Kidney donation does not increase the risk of cardiovascular disease for donors, research confirms
The study, which was the first of its kind, has confirmed that donating a kidney does not have an adverse effect on a donor’s cardiovascular system or blood pressure for at least five years. It also confirms that having lower kidney function on its own does not increase the risk of cardiovascular disease.
When donors donate, their kidney function falls by about 50%, but over the next few weeks the remaining kidney grows (hypertrophies). This means that they only lose about a third of their pre-donation function. This means, however, that most of them are left with impaired kidney function, enough to be classified as having chronic kidney disease.
Fifty living kidney donors – people who have had a kidney removed so that it can be transplanted into a patient with kidney failure – went through an extensive medical evaluation at the start of the study to confirm that they were free of any evidence of diabetes or underlying cardiovascular disease.
All patients had a detailed heart scan using a cardiac magnetic resonance scanner and detailed studies of their arteries and blood pressure.
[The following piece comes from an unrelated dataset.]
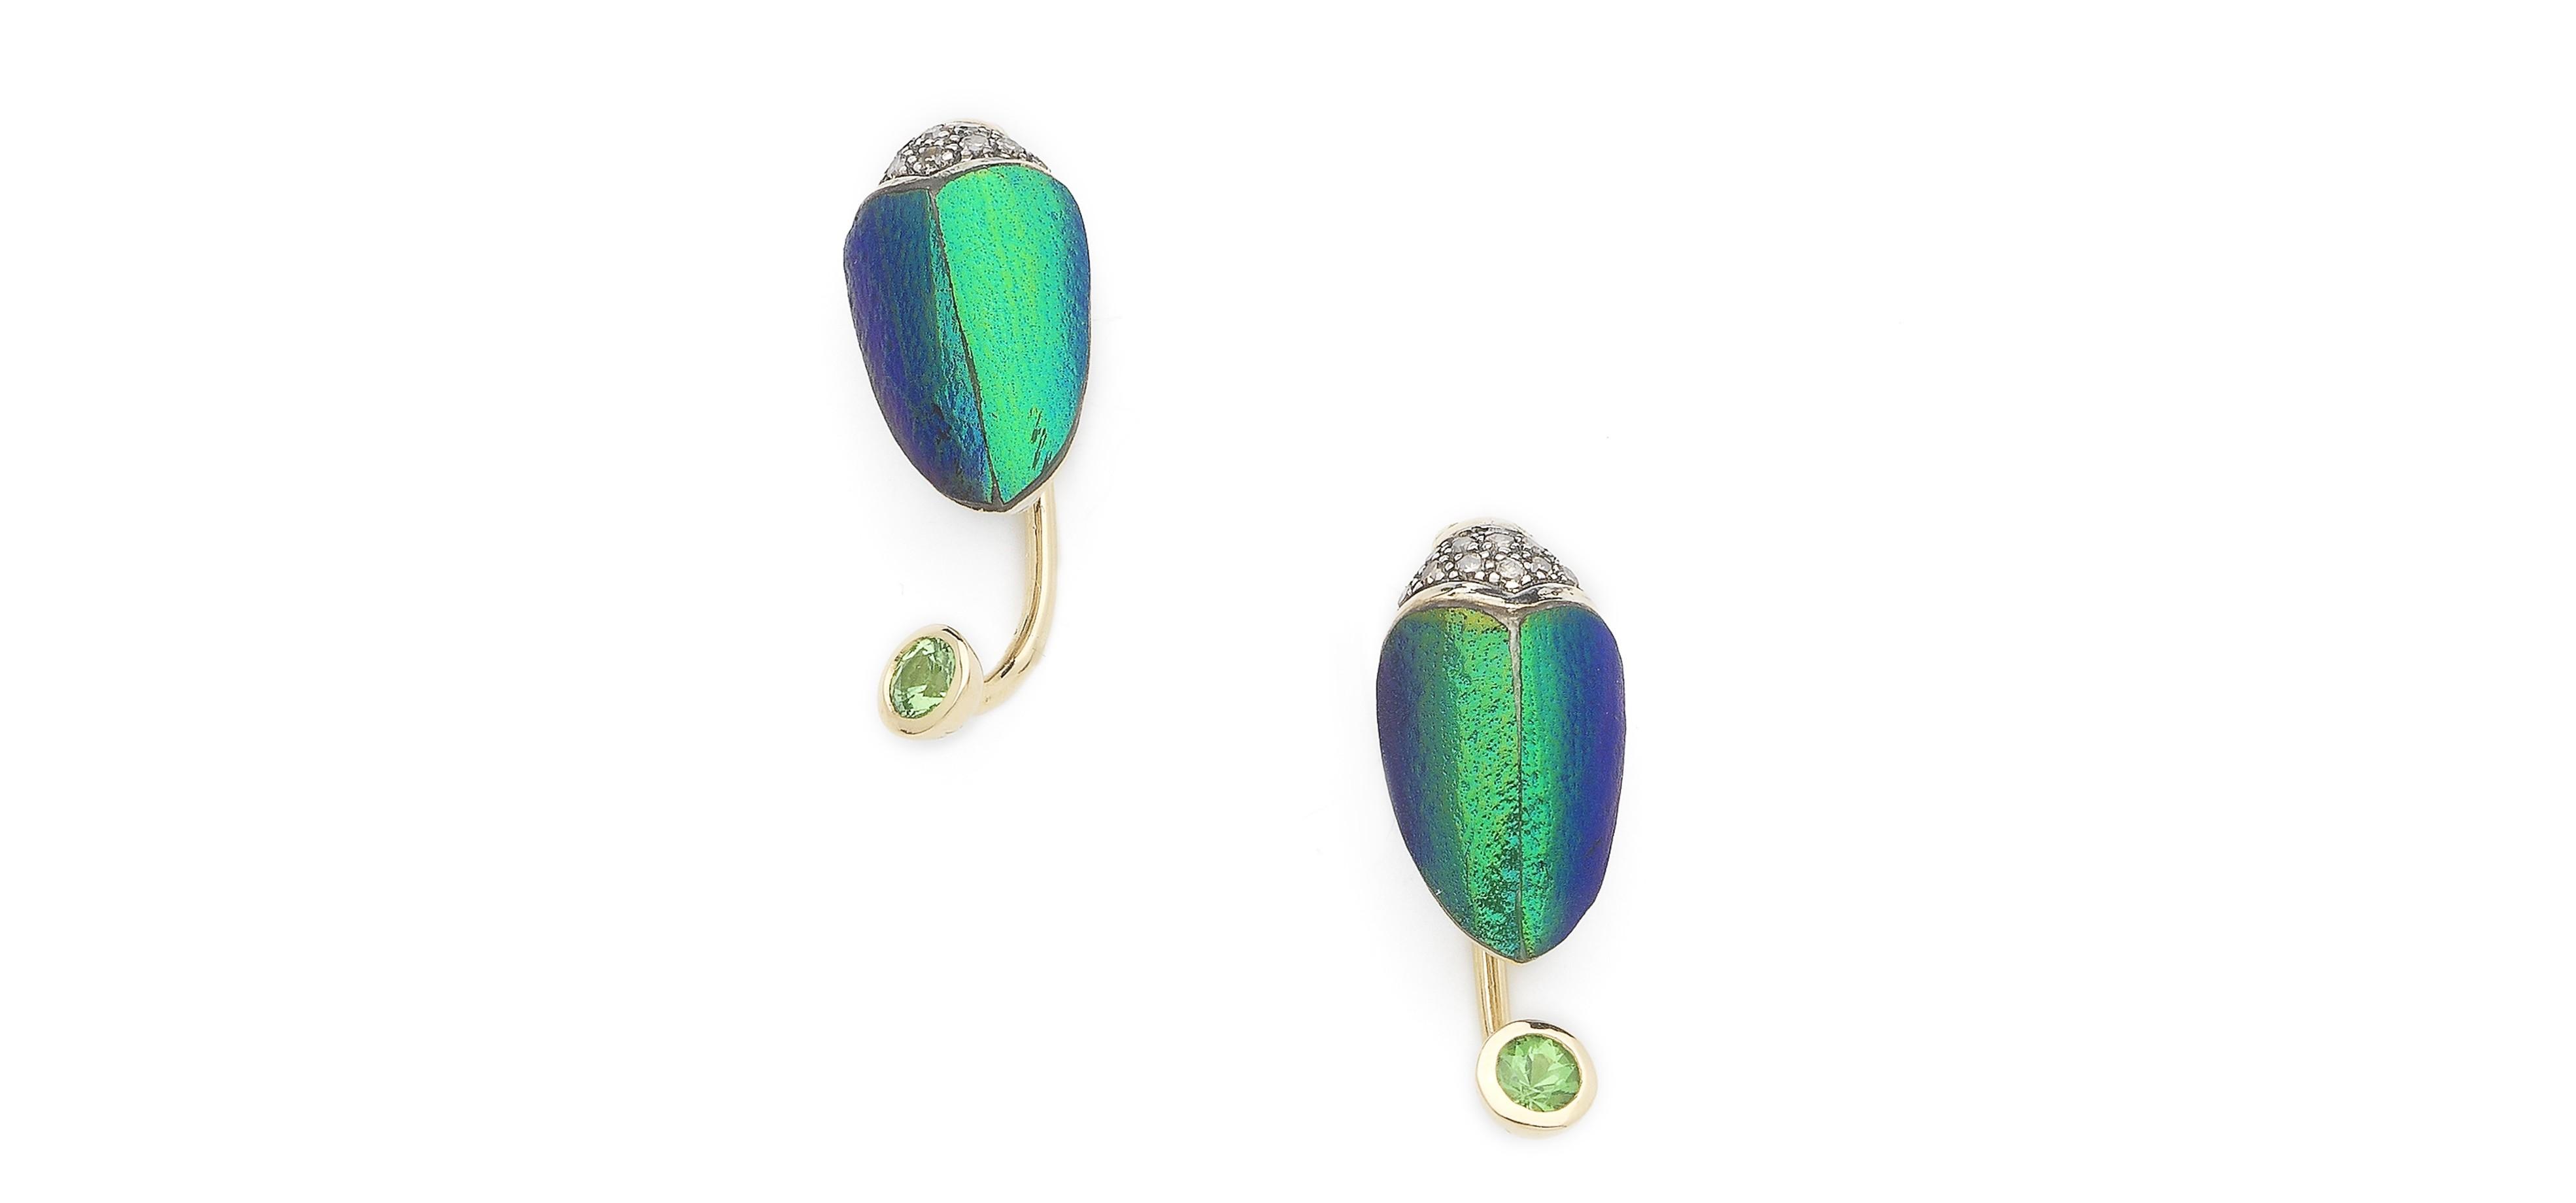 bibi-van-der-velden-scarab-collection-scarab-small-earrings-hanging-part-sterling-silver-18-ct-yellow-gold-scarab-wings-green-tsavorites-white-diamonds-zoom

It was found that after five years of donation there were no significant changes in either heart or blood vessel structure and function as well as no changes in blood pressure. There were also no differences detected between donors and control participants at five years.
The research, which was published in Hypertension and funded by the British Heart Foundation, was a collaboration between the University of Birmingham and University Hospitals Birmingham NHS Foundation Trust (UHB) and has revealed important information that can be used in future discussions with potential kidney donors.
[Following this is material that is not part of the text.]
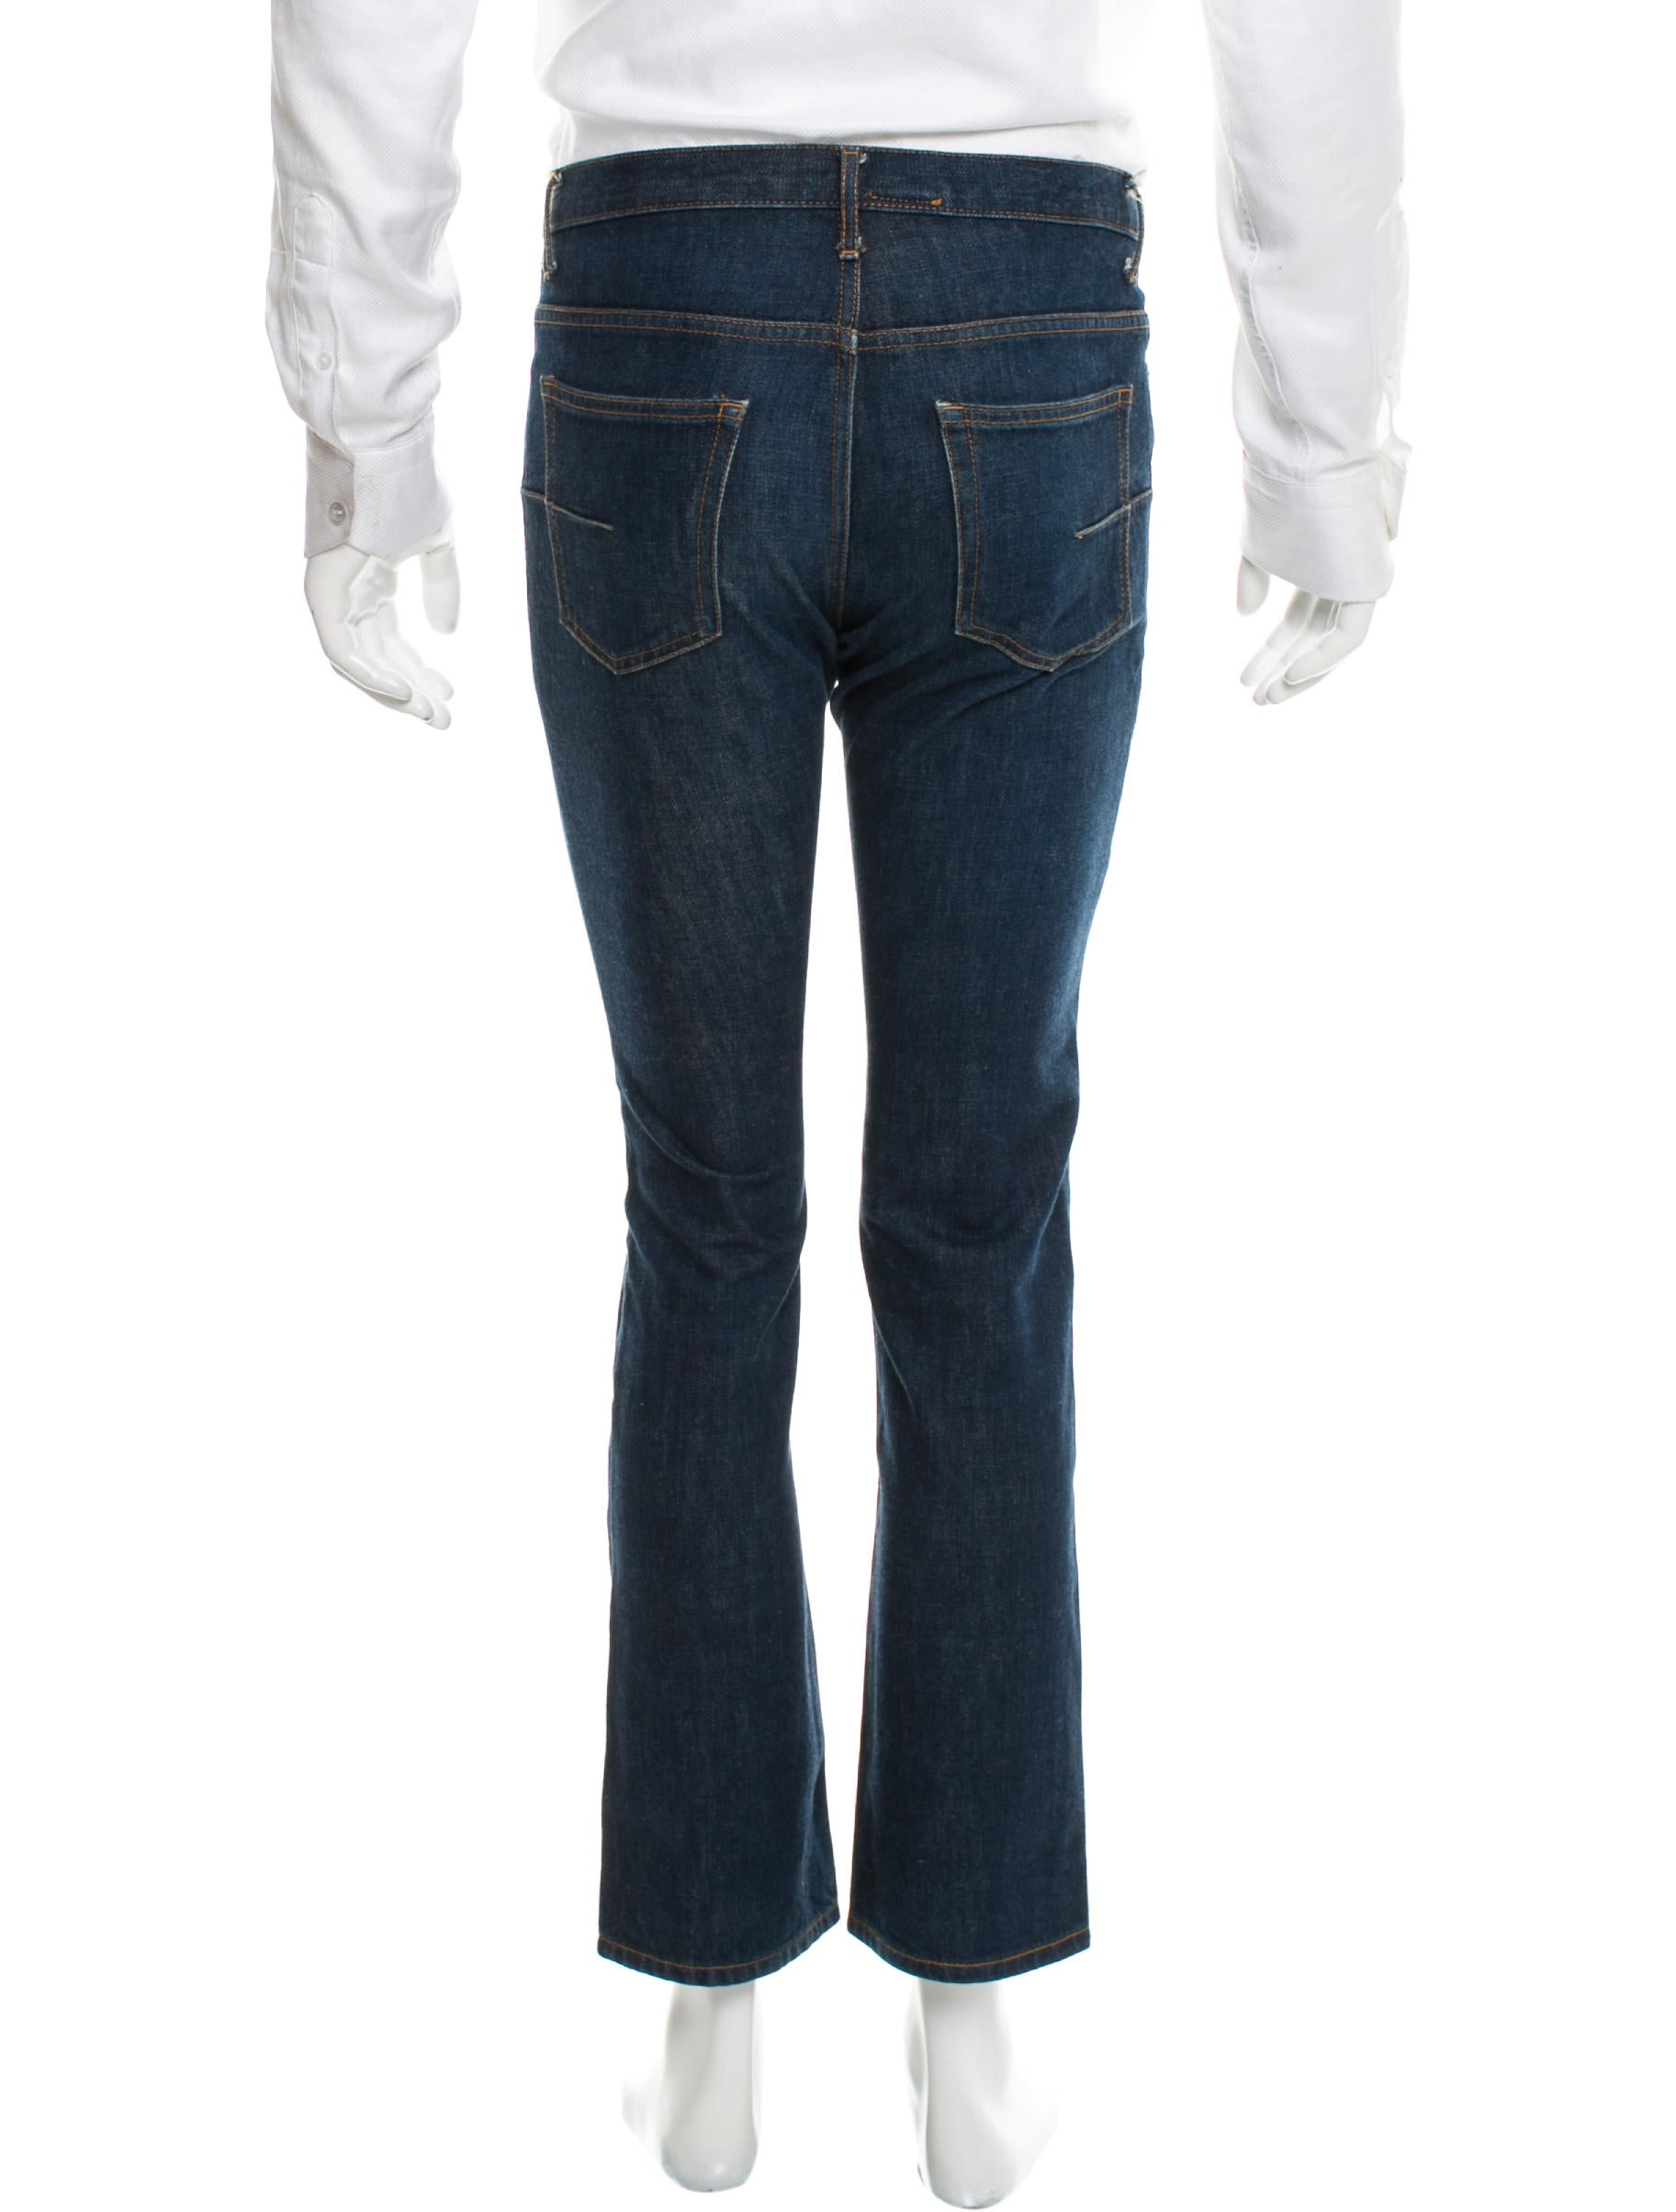 dior homme skinny jeans clothing hmm23293 the realreal. Black Bedroom Furniture Sets. Home Design Ideas

Ms Anna Price, a PhD student in the Institute of Cardiovascular Science (ICVS), University of Birmingham, led the research. The senior authors of the paper are Professor Jon Townend, Professor of Cardiology, Consultant Cardiologist at UHB, and Professor Charles Ferro, Consultant Nephrologist at UHB, both of whom hold honorary roles with ICVS.
Professor Townend said: “We are profoundly grateful to all of these kidney donors and controls for voluntarily coming back to Birmingham for further intensive study. We were surprised by the results as even mildly reduced kidney function is strongly associated with heart and artery disease’ but perhaps this is due to differences between loss of kidney function due to loss of an organ and kidney disease.”